A Mainstay of the Bloomsbury Group, With a Show of Her Own

Vanessa Bell is often best remembered for the creative milieu she cultivated, but a new exhibition of her work makes a case for her as a groundbreaking artist.

In 1932, the historian Kenneth Clark commissioned a ceramic dinner service from the artists Vanessa Bell and Duncan Grant. But he got something different: 48 plates, each painted with a portrait of a famous woman, from the Queen of Sheba to Greta Garbo. (Plus two bearing the images of the artists.)

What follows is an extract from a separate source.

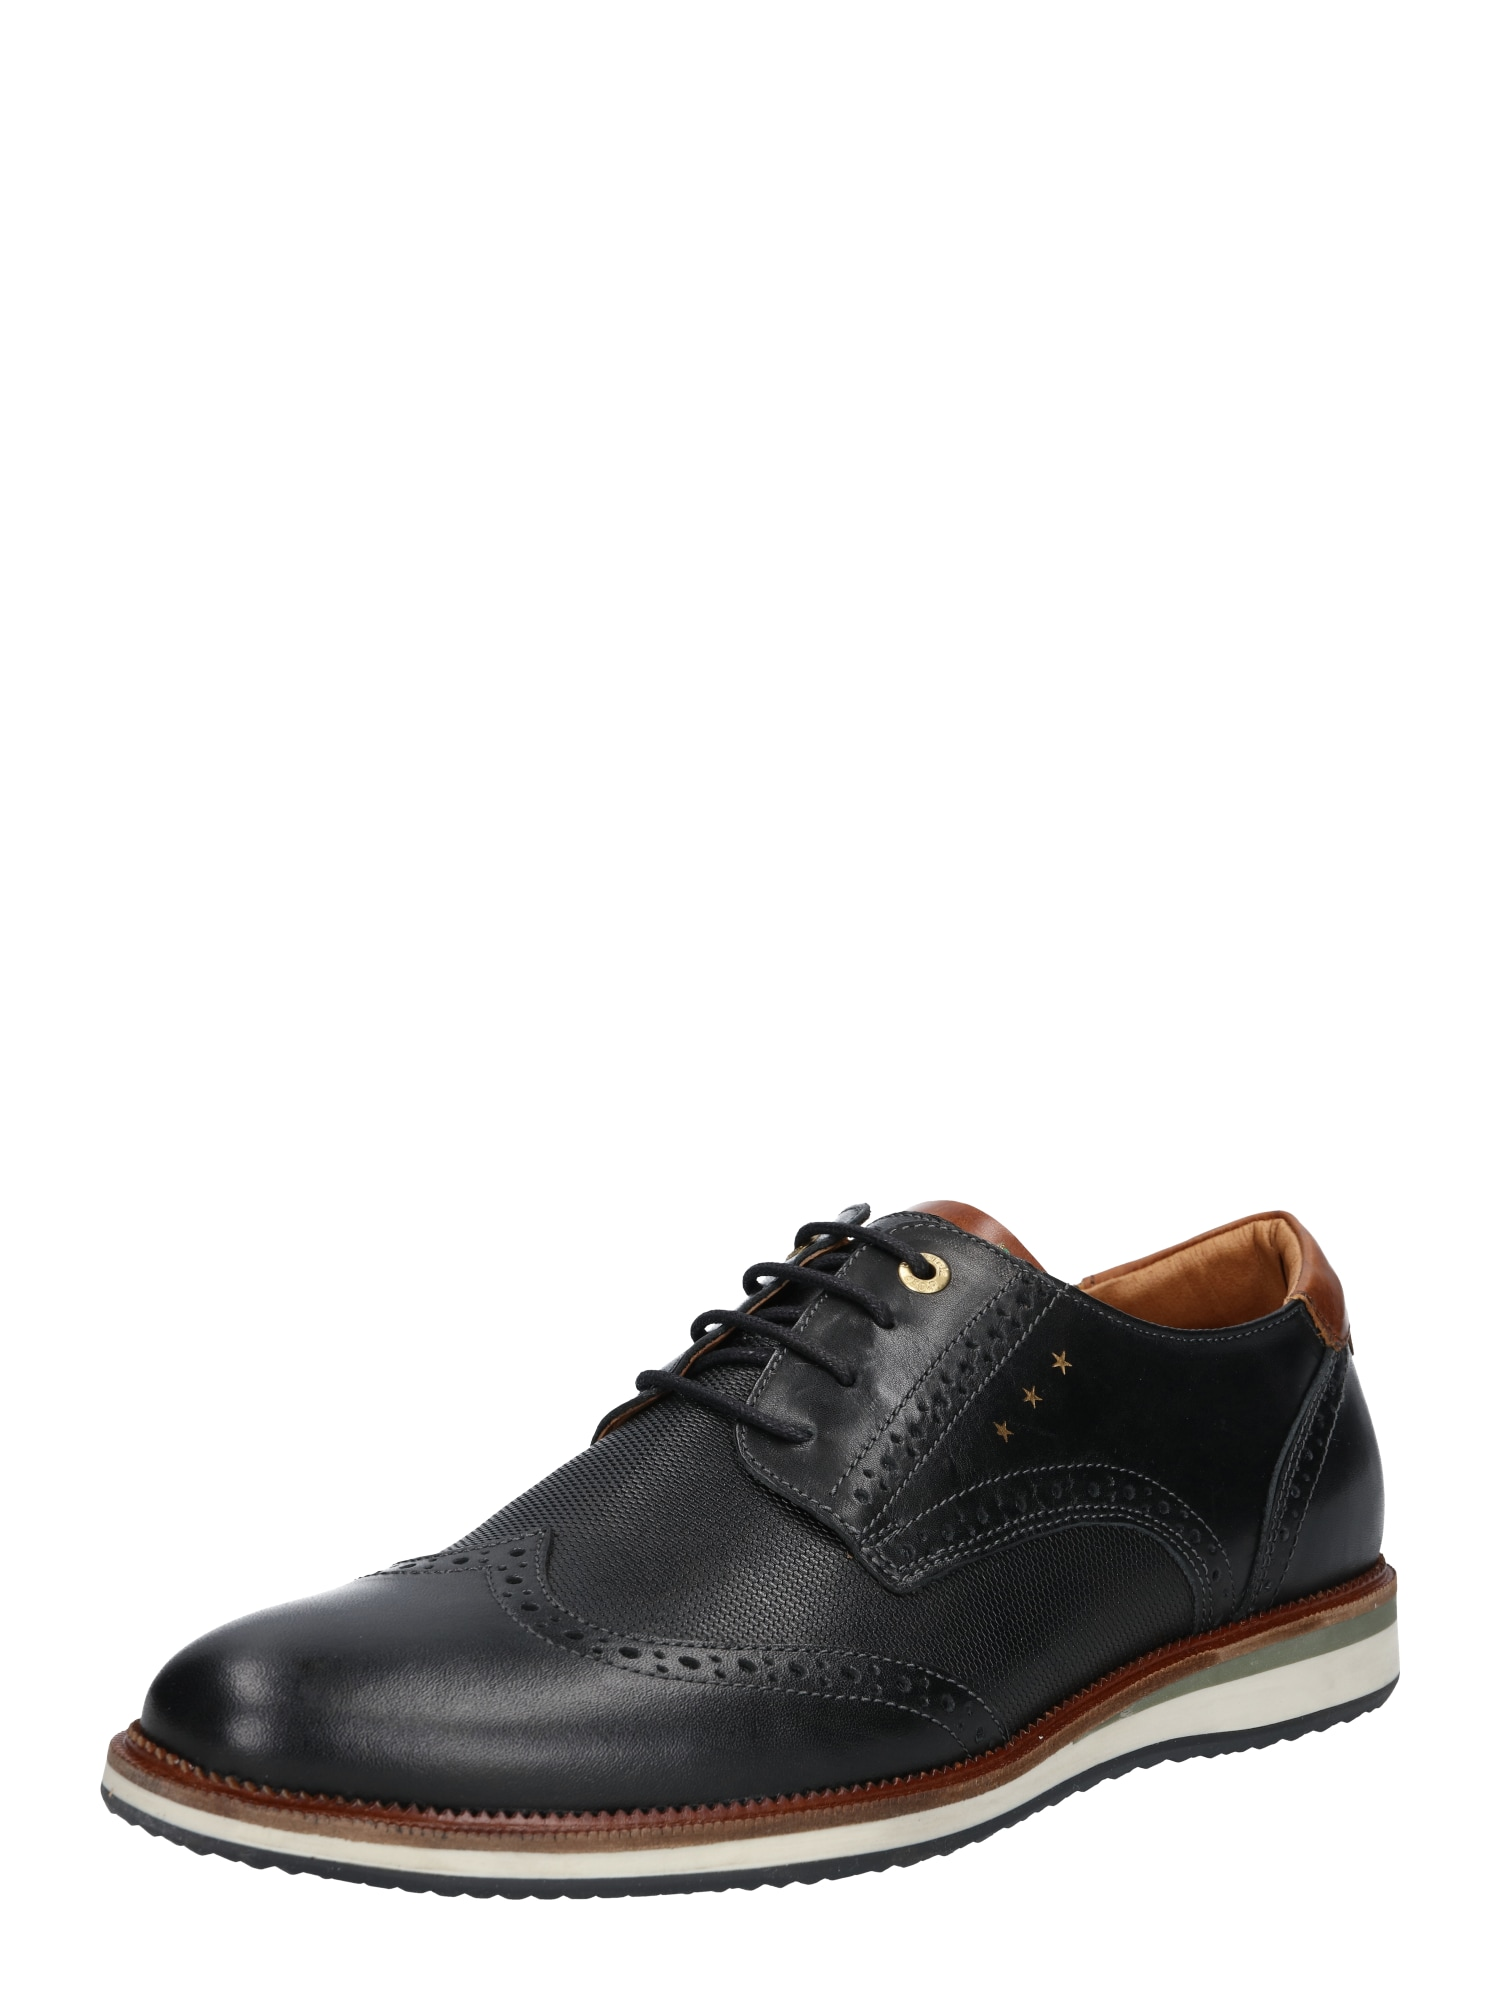 PANTOFOLA DORO Šněrovací boty béžová rezavě hnědá zlatá černá PANTOFOLA D'ORO

The “Famous Women Dinner Service” is a central feature of the exhibition “Vanessa Bell, a World of Form and Color” at MK Gallery in Milton Keynes through Feb. 23.

“It’s one of the great works of feminist art of the 20th century,” said Anthony Spira, the director of MK Gallery, who co-curated the exhibition with the head of exhibitions, Fay Blanchard. “We are familiar with Judy Chicago’s ‘Dinner Party,’ but this is hardly known.”

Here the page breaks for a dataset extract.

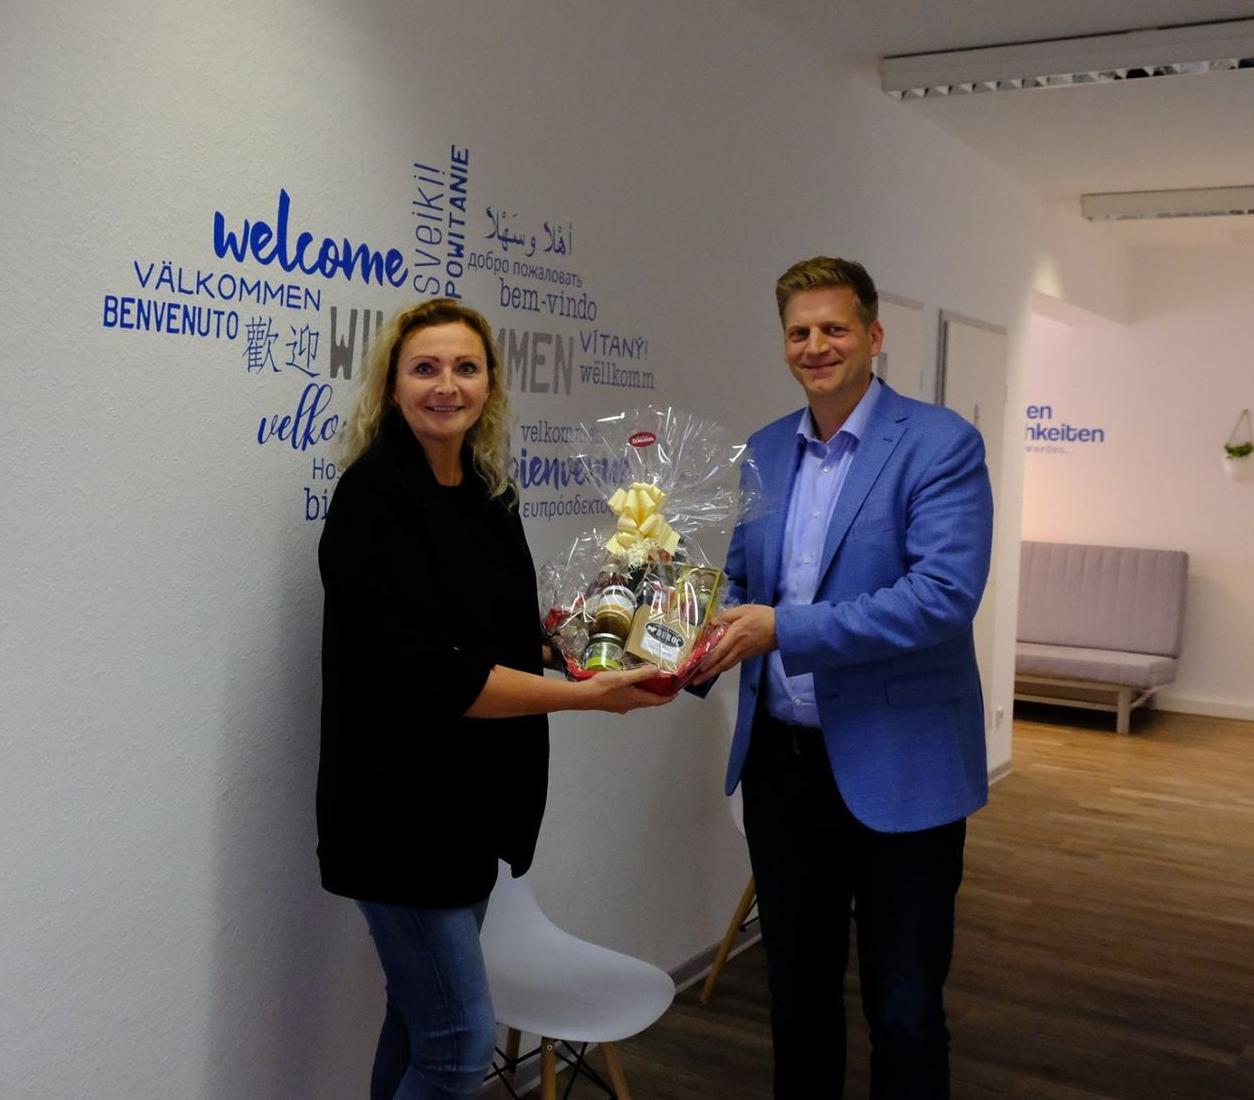 Erster Cleverlearning-Partner in Wuppertal eröffnet

That’s perhaps because Bell wasn’t just the sister of Virginia Woolf, but the linchpin of what became known as the Bloomsbury Group, a circle of friends and lovers who included Grant, Woolf and her husband Leonard, Vanessa’s husband Clive Bell, the critic Roger Fry, the economist John Maynard Keynes and the writer Lytton Strachey. The fame of the group, and of Charleston, the Sussex house where they gathered and resided, has meant that Bell is rarely considered an important artist in her own right.

Vanessa Bell, circa 1910.George C. Beresford/Hulton Archive, via Getty Images

“A World of Form and Color,” the largest and most comprehensive display of Bell’s work to date, aims to redress that by featuring more than 150 artworks, including rarely seen paintings as well as drawings, ceramics, furniture, textiles and book covers.